Organising committee :
Antoine Deleforge (INRIA), François Ollivier (MPIA-IJLRA), Olivier Warusfel (IRCAM)
Provisional programme (schedule and order of speakers subject to change)
Panel list and talks :
Toon van Waterschoot (KU Leuven - B)
Cagdas Tuna (Fraunhofer IIS - D)
Summary: Knowledge of geometric properties of a room may be very beneficial for many audio applications, including sound source localization, sound reproduction, and augmented and virtual reality. Room geometry inference (RGI) deals with the problem of acoustic reflector localization based on room impulse responses recorded between loudspeakers and microphones.
Rooms with highly absorptive walls or walls at large distances from the measurement setup pose challenges for RGI methos. In the first part of the talk, we present a data-driven method to jointly detect and localize acoustic reflectors that correspond to nearby and/or reflective walls. We employ a multi-branch convolutional recurrent neural network whose input consists of a time-domain acoustic beamforming map, obtained via Radon transform from multi-channel room impulse responses. We propose a modified loss function forcing the network to pay more attention to walls that can be estimated with a small error. Simulation results show that the proposed method can detect nearby and/or reflective walls and improve the localization performance for the detected walls.

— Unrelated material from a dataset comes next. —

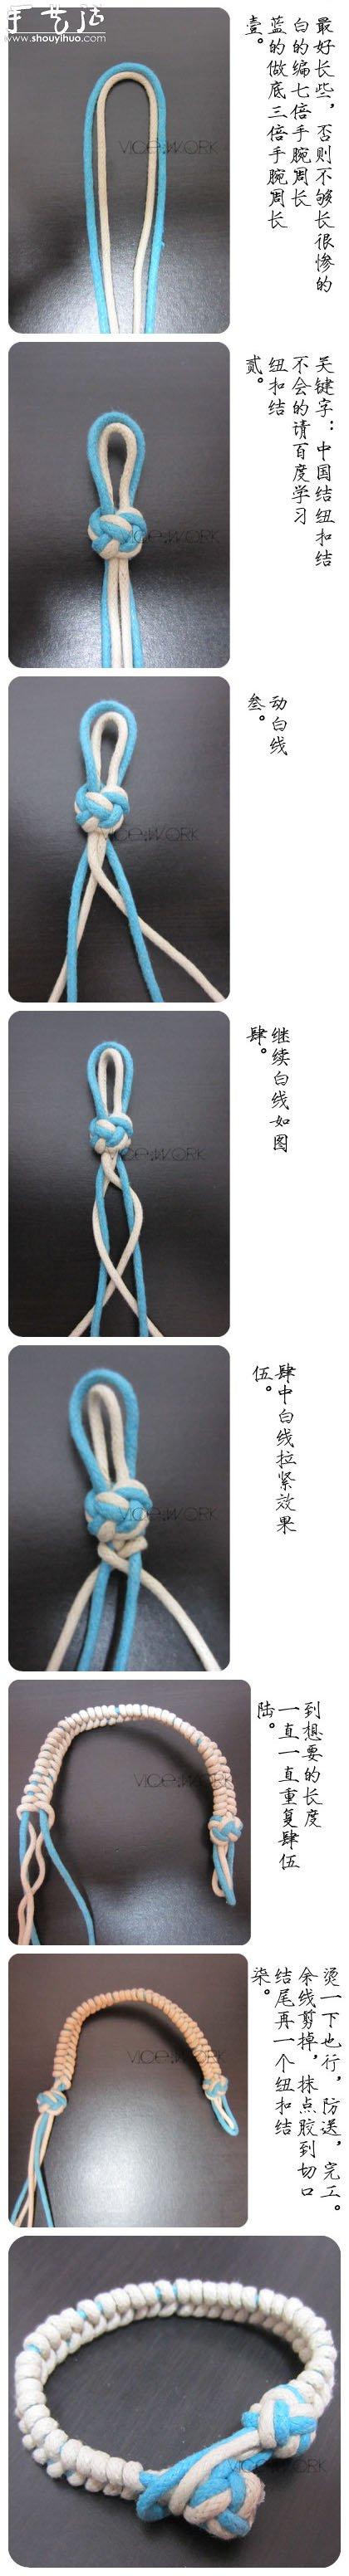 又一款漂亮的手鏈編織教程

Data-driven RGI methods generally rely on simulated data since the RIR measurements in a diverse set of rooms may be a prohibitively time-consuming and labor-intensive task. In the second part of the talk, we explore regularization methods to improve RGI accuracy when deep neural networks are trained with simulated data and tested with measured data. We use a smart speaker prototype equipped with multiple microphones and directional loudspeakers for real-world RIR measurements. The results indicate that applying dropout at the network’s input layer results in improved generalization compared to using it solely in the hidden layers. Moreover, RGI using multiple directional loudspeakers leads to increased estimation accuracy when compared to the single loudspeaker case, mitigating the impact of source directivity.

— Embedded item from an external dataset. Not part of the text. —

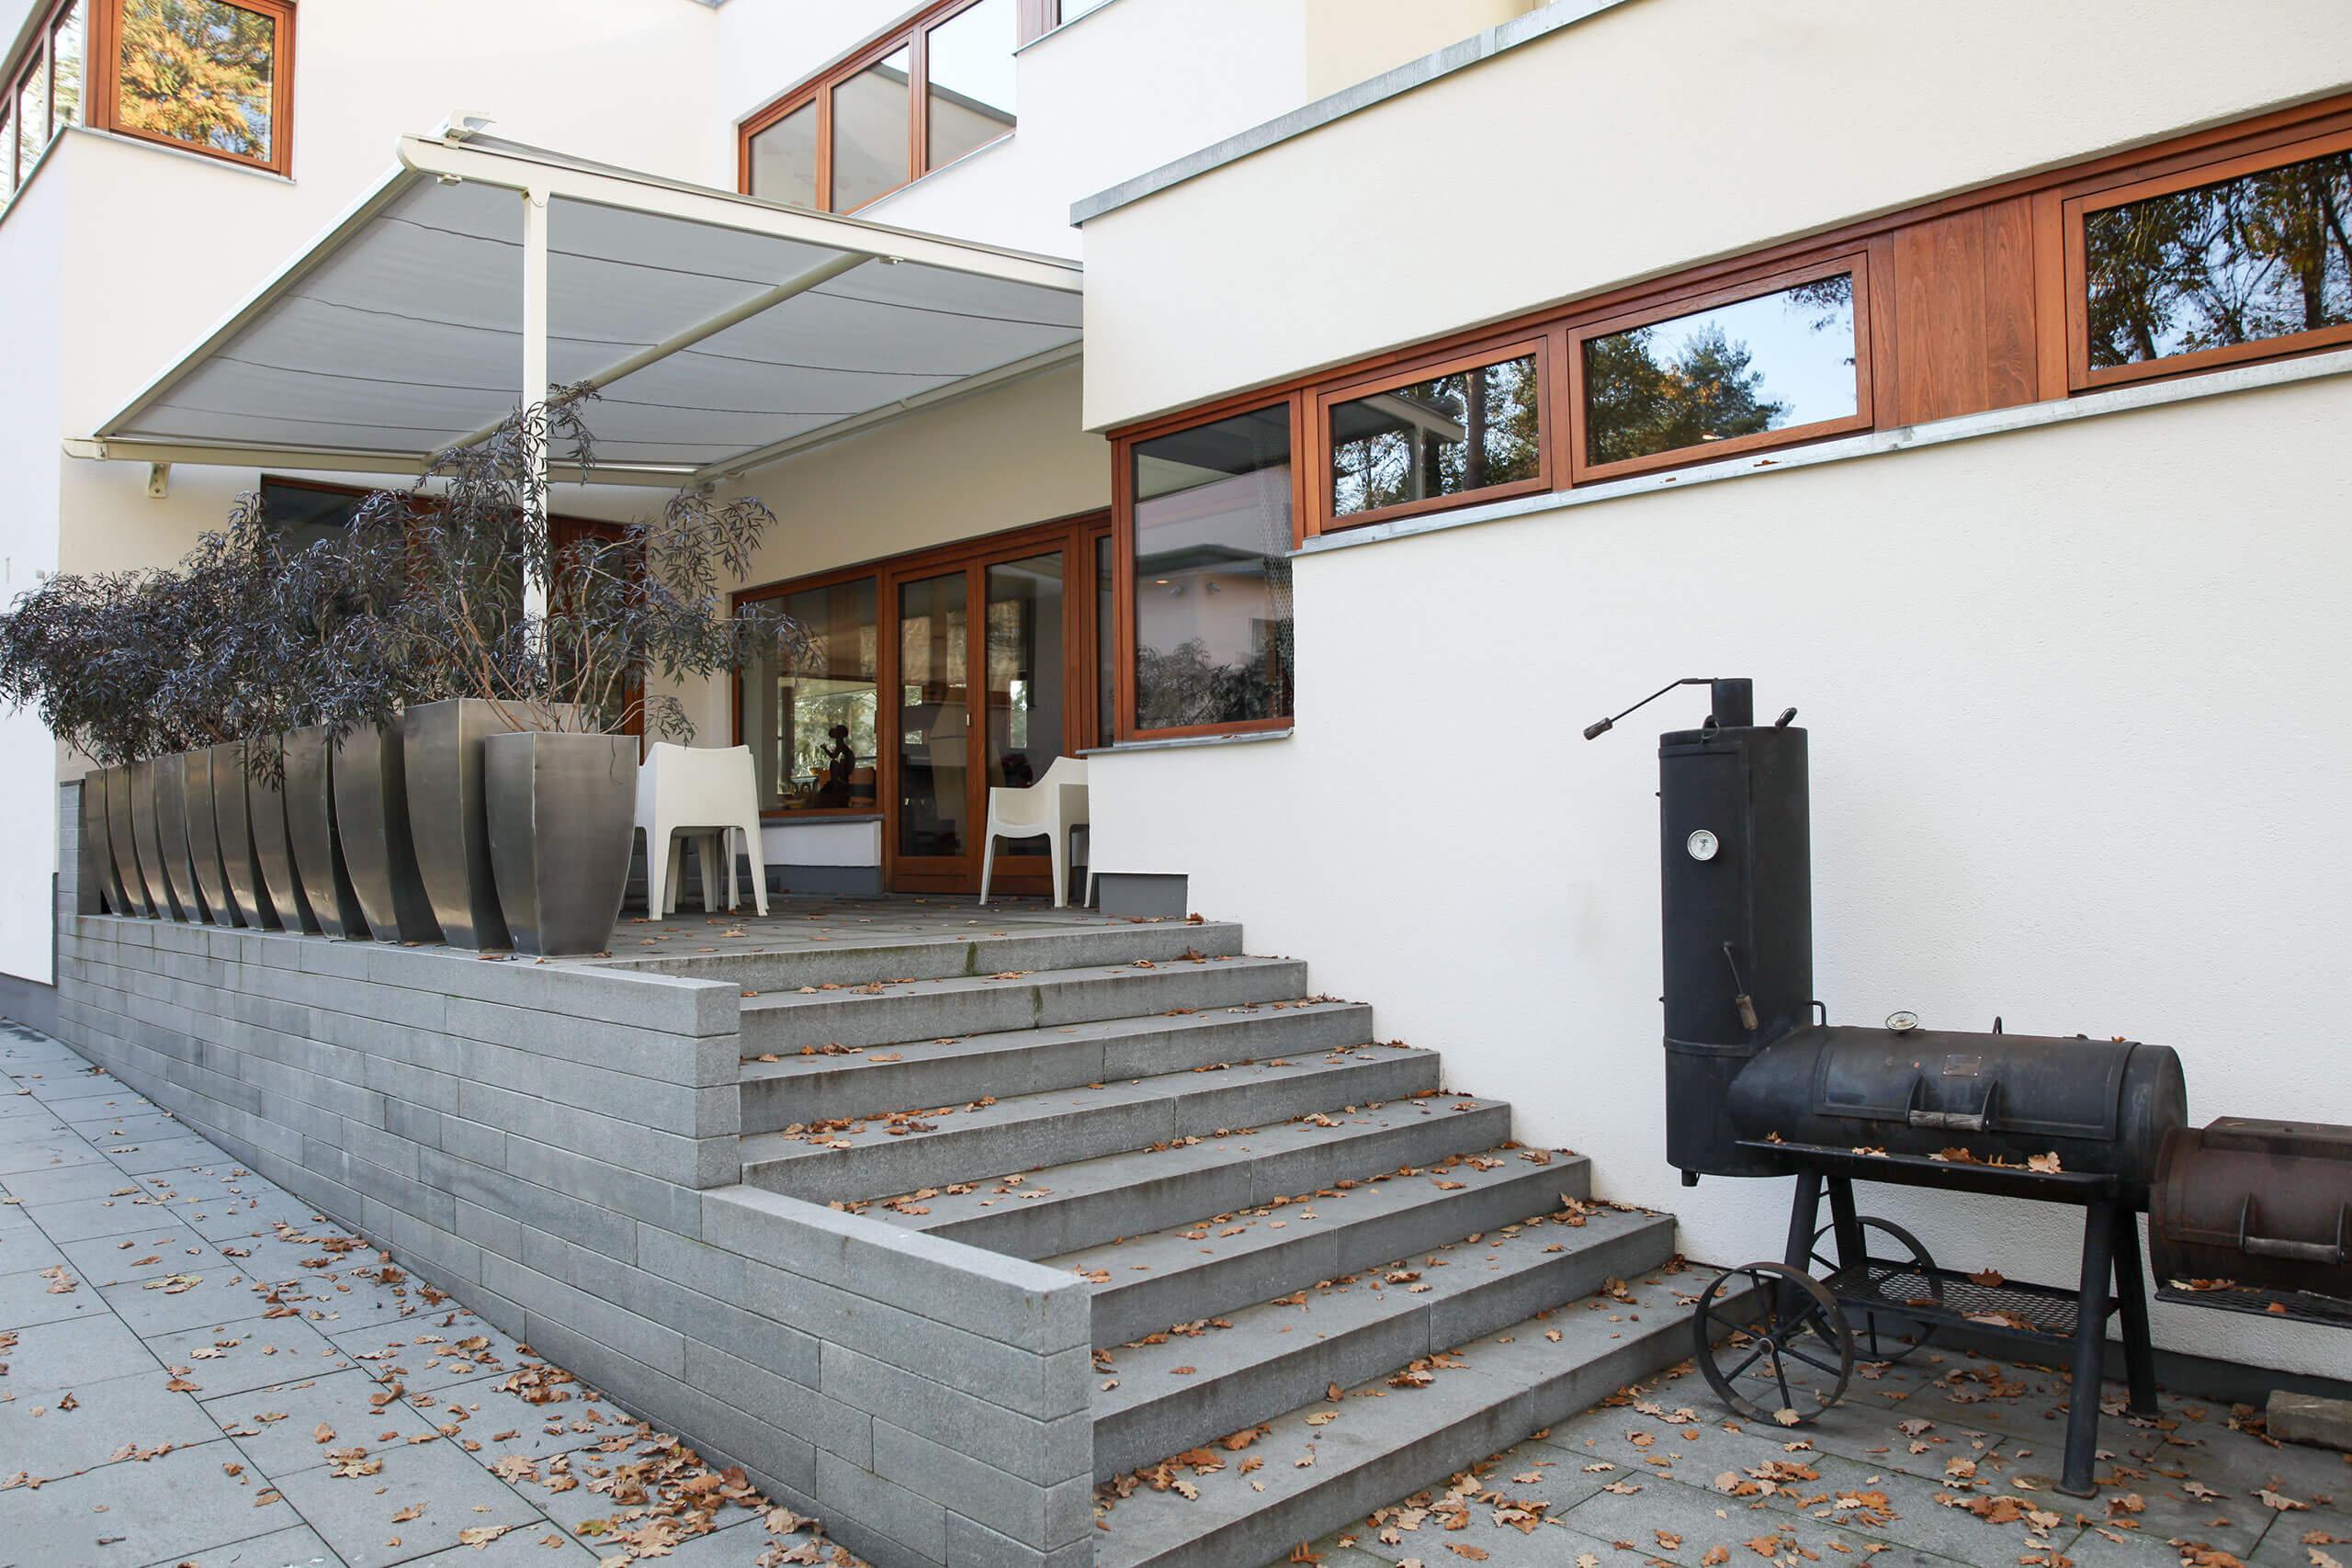 Pergola Markise Dezent Leicht Und Stabil Adler Wohndesign

Antoine Deleforge (INRIA - FR)
Summary: Estimating acoustic parameters, such as the localization of a sound source, the geometry, or the acoustical properties of an environment from audio recordings, is a crucial component of audio augmented reality systems. These tasks become especially challenging in the blind setting, e.g., when using noisy recordings of human speakers. Significant progress has been made in recent years thanks to the advent of supervised machine learning. However, these methods are often hindered by the limited availability of real-world annotated data for such tasks. A common strategy has been to use acoustic simulators to train such models, a framework we refer to as "Virtually Supervised Learning." In this talk, we will explore how the realism of simulation impacts the generalizability of virtually-supervised models to real-world data. We will focus on the tasks of sound source localization, room geometry estimation, and reverberation time estimation from noisy multichannel speech recordings. Our results suggests that enhancing the realism of the source, microphone, and wall responses during simulated training by making them frequency- and angle-dependent significantly improves generalization performance.
François Ollivier (IJLRA - Sorbonne Univ. FR)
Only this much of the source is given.